The substitution is the following: $$t = \zeta x^2$$ $$u(x,t)=x^cF\left(\frac{t}{x^2}\right)=x^cF(\zeta)$$
The author (Baumann, 1999: Symmetry Analysis of Differential Equations with Mathematica)concludes: $$cF-c^2F+\frac{d F}{d\zeta}-6\zeta\frac{d F}{d\zeta}+4c\zeta\frac{d F}{d\zeta}-4\zeta^2\frac{d^2 F}{d \zeta^2}=0$$
It would be nice if someone could give me a step by step explanation for this problem.
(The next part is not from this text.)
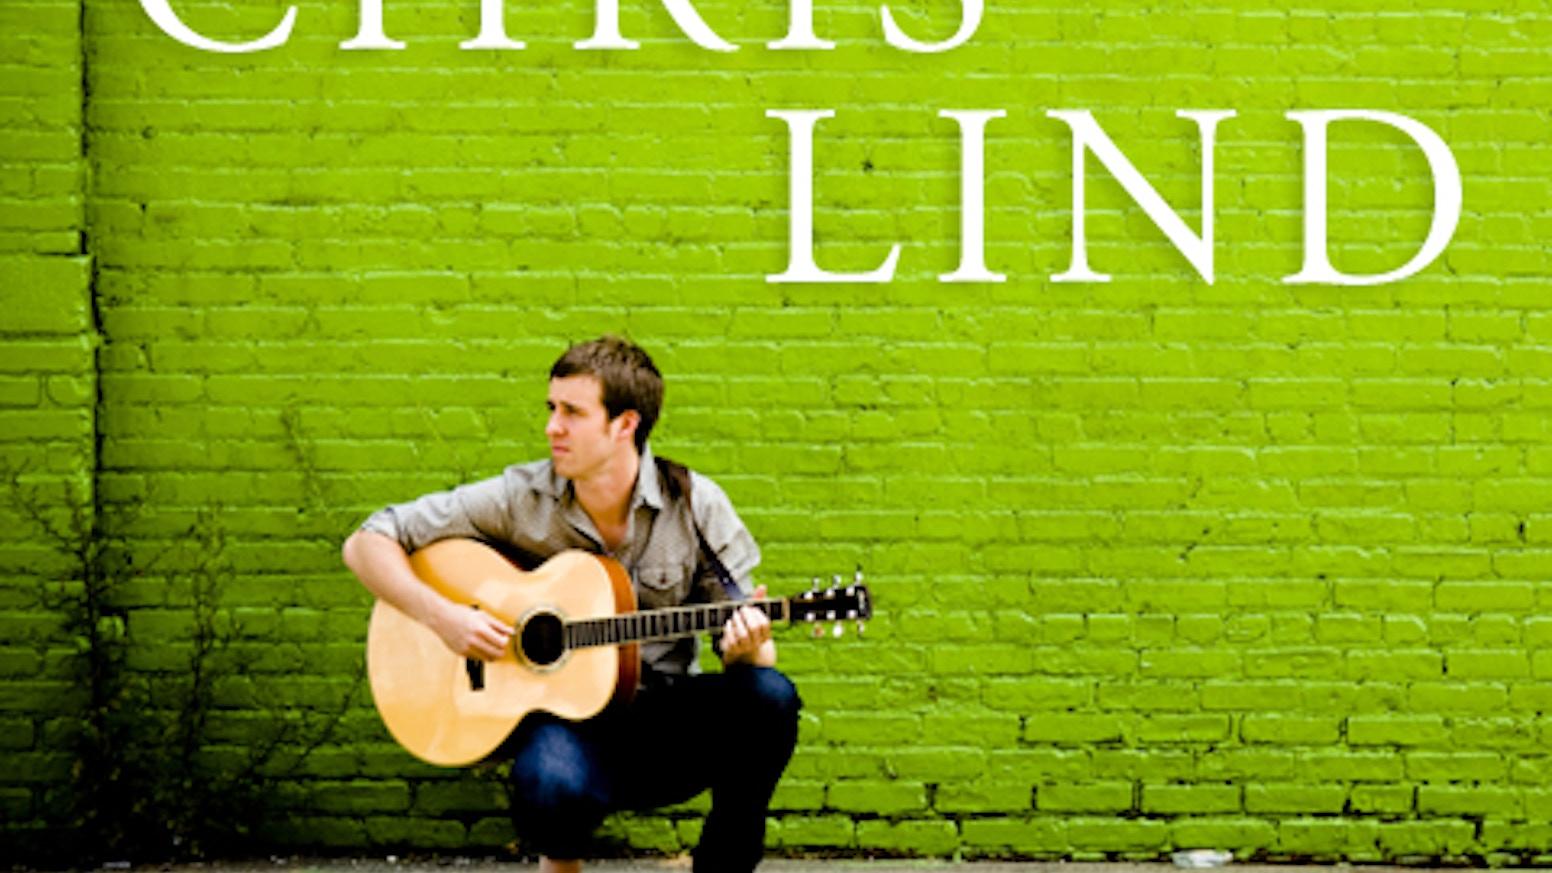 Chris Lind

This is a self-similar transform namely $\zeta = \frac{t}{x^2}$. This problem is just a case of book keeping. $$ \partial_x = \frac{\partial\zeta}{\partial x}\frac{d}{d\zeta}\\ \partial_t = \frac{\partial\zeta}{\partial t}\frac{d}{d\zeta} $$ we also have $$ \partial_{xx} = \frac{\partial\zeta}{\partial x}\frac{d}{d\zeta}\frac{\partial\zeta}{\partial x}\frac{d}{d\zeta} $$ now we have $$ \frac{\partial\zeta}{\partial x} = -2\frac{\zeta}{x}\\ \frac{\partial\zeta}{\partial t} = \frac{\zeta}{t} $$ so we have $$ \partial_x = -2\frac{\zeta}{x}\frac{d}{d\zeta}\\ \partial_t = \frac{\zeta}{t}\frac{d}{d\zeta}\\ \partial_{xx} = -2\frac{\zeta}{x}\frac{d}{d\zeta}\left(-2\frac{\zeta}{x}\frac{d}{d\zeta}\right) = 4\left(\frac{\zeta}{x^2}\frac{d}{d\zeta} -2\frac{\zeta^2}{x^3}\dfrac{dx}{d\zeta}\frac{d}{d\zeta} +\frac{\zeta}{x}\frac{d^2}{d\zeta^2}\right) $$
Now with all these in place, I then suggest taking the derivatives with respect to the original variables but transforming $u$ i.e. $$ u_t = \partial_t x^c F(\zeta) = u_{xx} = \partial_{xx} x^c F(\zeta) $$ thus $$ x^c\partial_t F(\zeta) = \partial_x\left[cx^{c-1}F(\zeta) +x^c \partial_x F(\zeta)\right] = c(c-1)x^{c-2}F(\zeta) + 2cx^{c-1}\partial_x F(\zeta) + x^c \partial_{xx}F(\zeta) $$ or $$ \partial_t F = \frac{c(c-1)}{x^2}F + \frac{2c}{x}\partial_x F + \partial_{xx} F $$ now apply the transforms - then you are done.